SuLab / GeneWikiCentral

GeneWiki Organization
MIT License
5 stars 2 forks source link

civic bot not adding "instance of" statement #121

Open andrewsu opened 4 years ago

andrewsu commented 4 years ago

example: https://www.wikidata.org/wiki/Q61818930

I think this sparql query shows all items with civicIDs without instance of statements: https://w.wiki/6ww

I'm expecting that all items added/edited by the civic variant bot should be on items having instance of sequence variant (Q15304597) or one of its children

probably need to have this issue fixed before the paper goes out...

andrawaag commented 4 years ago

This one is already on my plate and a tough one. There are basically, two issues here.

  1. Currently, not all of the sequence ontology is in Wikidata yet, simply because it is not available as CC0. This means that if a variant type by its representation in the sequence ontology, is not yet in Wikidata it needs to be added manually.
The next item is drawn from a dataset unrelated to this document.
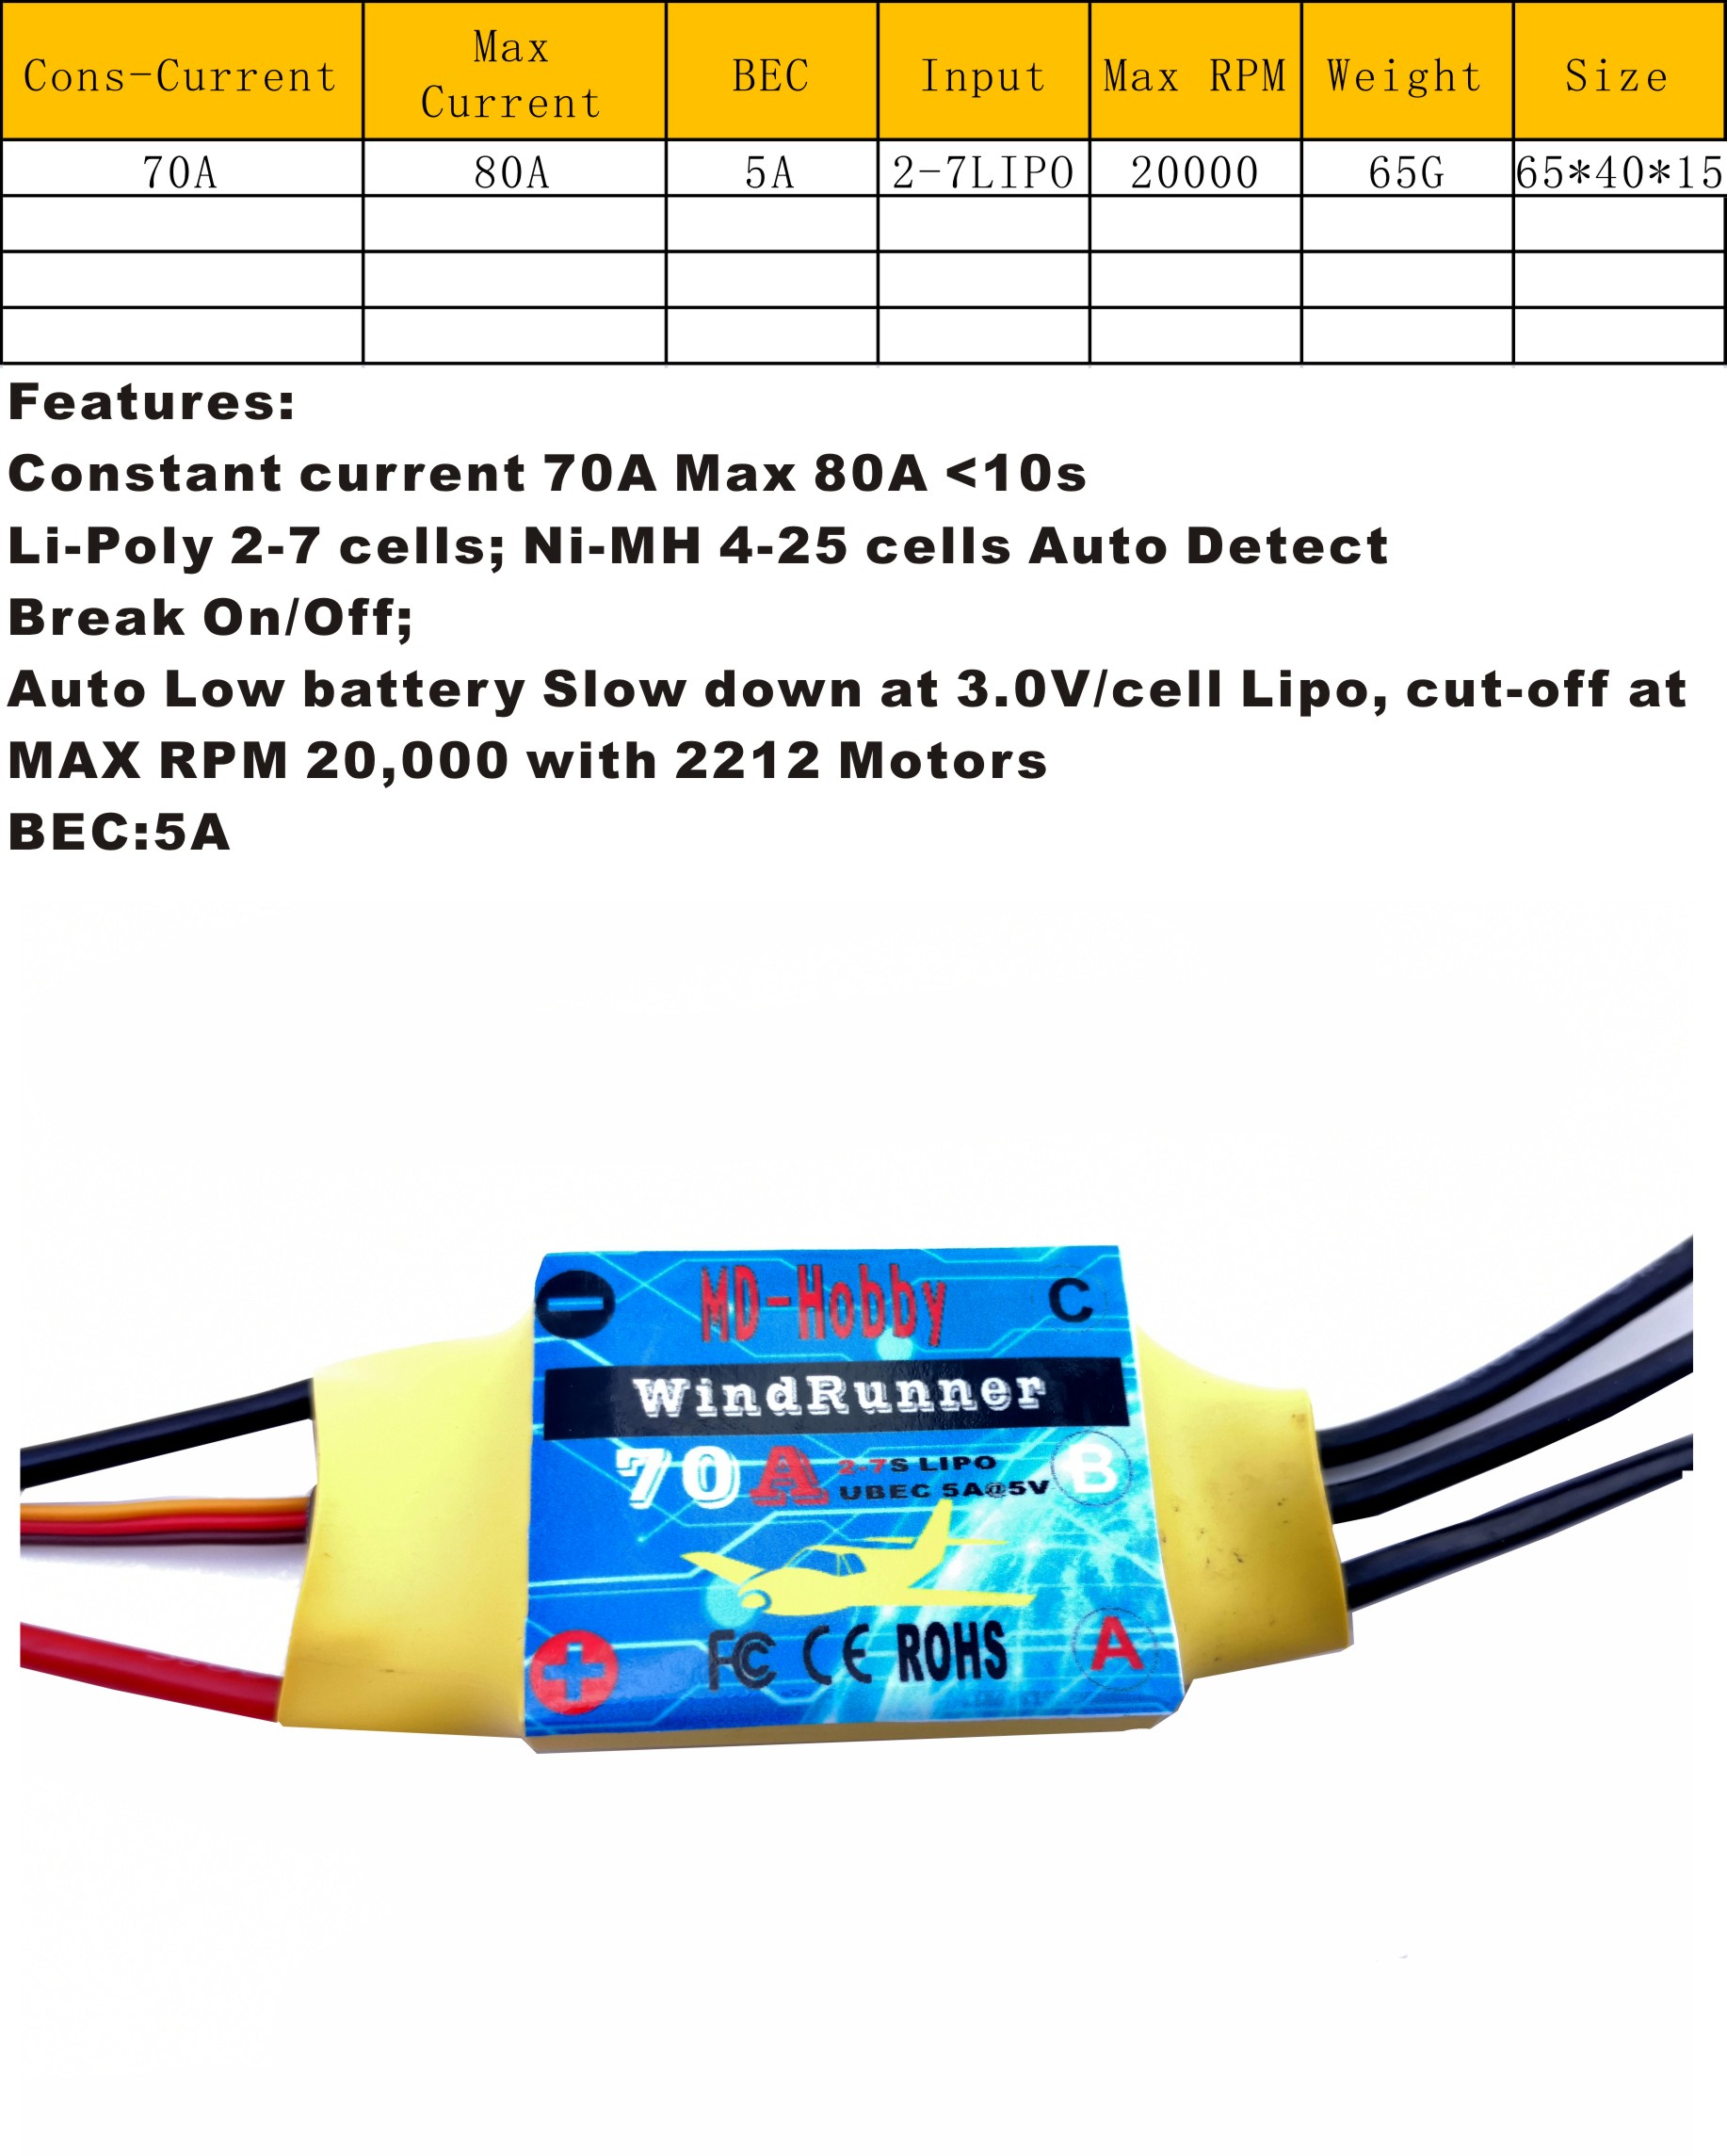 Windrunner RC ESC 70A 50A 40A 30A 20A 10A Support 2212 Brushless Motor 3A/5A BEC Break 2s-7s for RC Fixed Wing - Photo: 2

My understanding of non-cc0 data is that one can not batch upload all, but adding a reference to a single SO is allowed. Being able to upload all of SO to Wikidata would solve this.

  2. Some variants don't have a specific variant type annotated in CIViC. The example given is of this type. (https://www.wikidata.org/wiki/Q61818930) Its CIViC record gives "Variant Type: None specified.". Currently, the bot ignores this. An easy fix here would be to add, as you suggest, "instance of sequence variant (Q15304597)".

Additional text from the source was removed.